(Collected data entries)
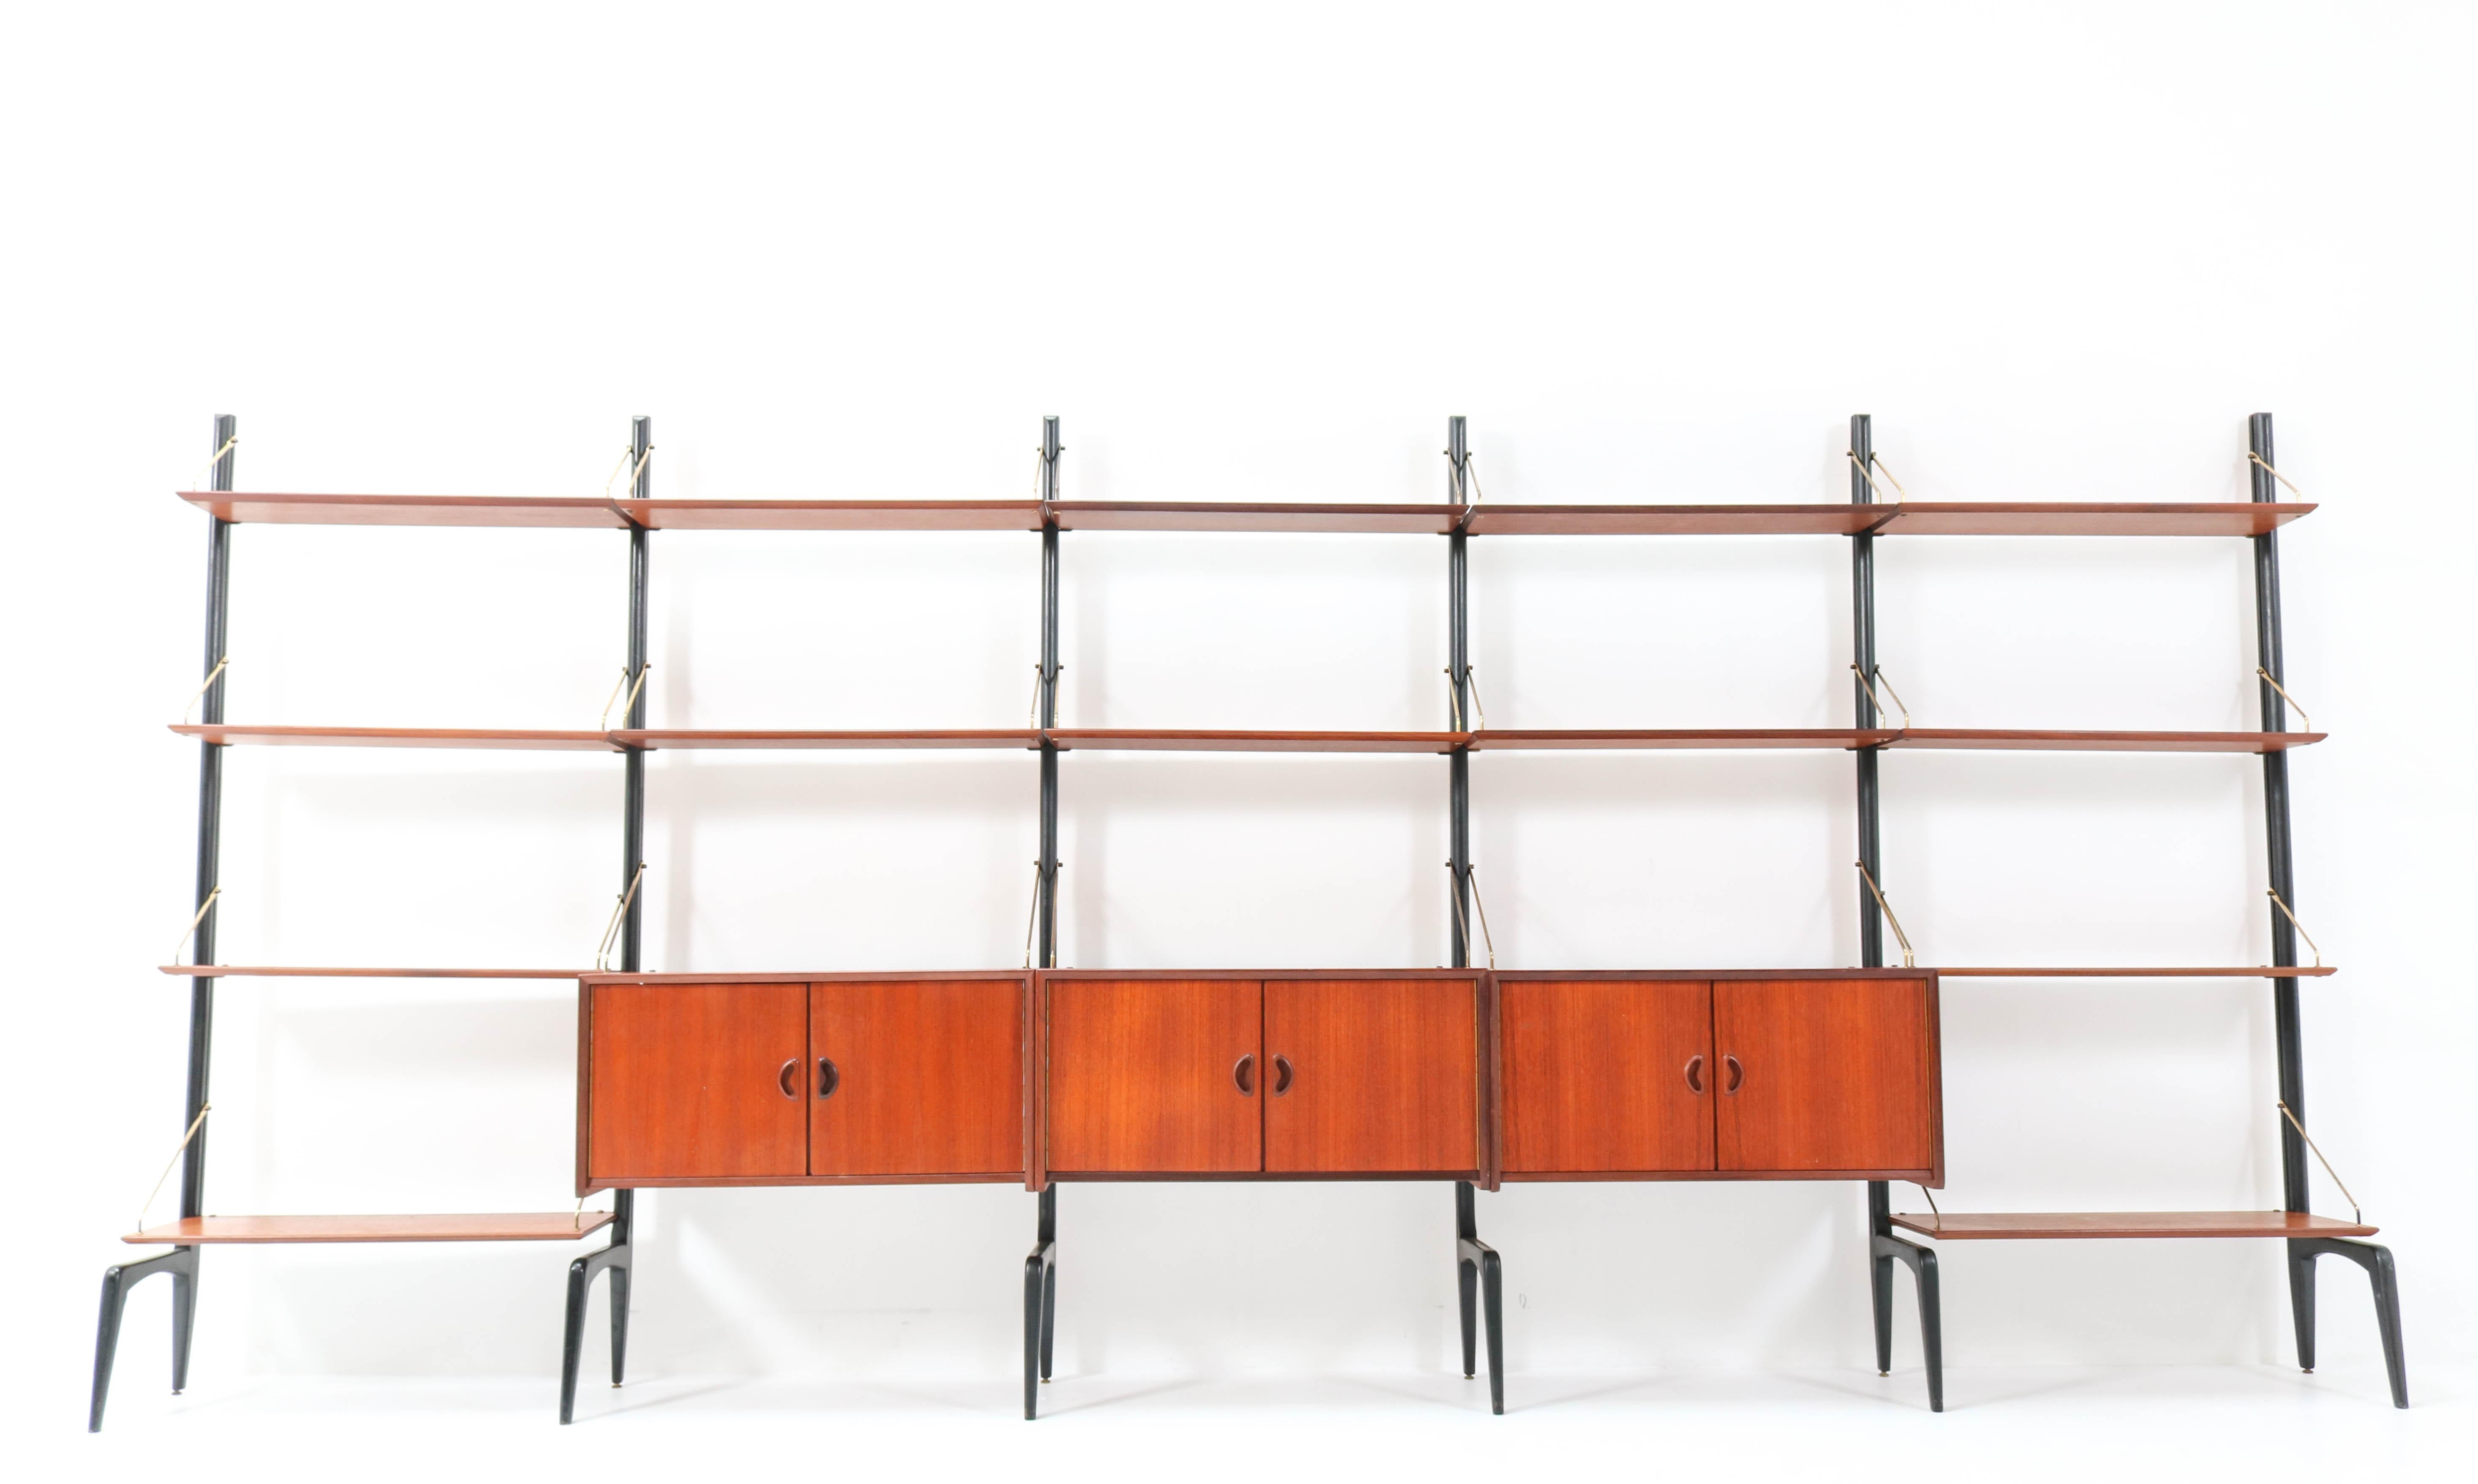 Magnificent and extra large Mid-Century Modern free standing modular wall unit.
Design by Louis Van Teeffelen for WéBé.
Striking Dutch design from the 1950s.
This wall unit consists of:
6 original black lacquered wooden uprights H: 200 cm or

• [Work task]
Retype each line above precisely, please. Skip anything that is a picture.

• [Reply]
 Magnificent and extra large Mid-Century Modern free standing modular wall unit.
Design by Louis Van Teeffelen for WéBé.
Striking Dutch design from the 1950s.
This wall unit consists of:
6 original black lacquered wooden uprights H: 200 cm or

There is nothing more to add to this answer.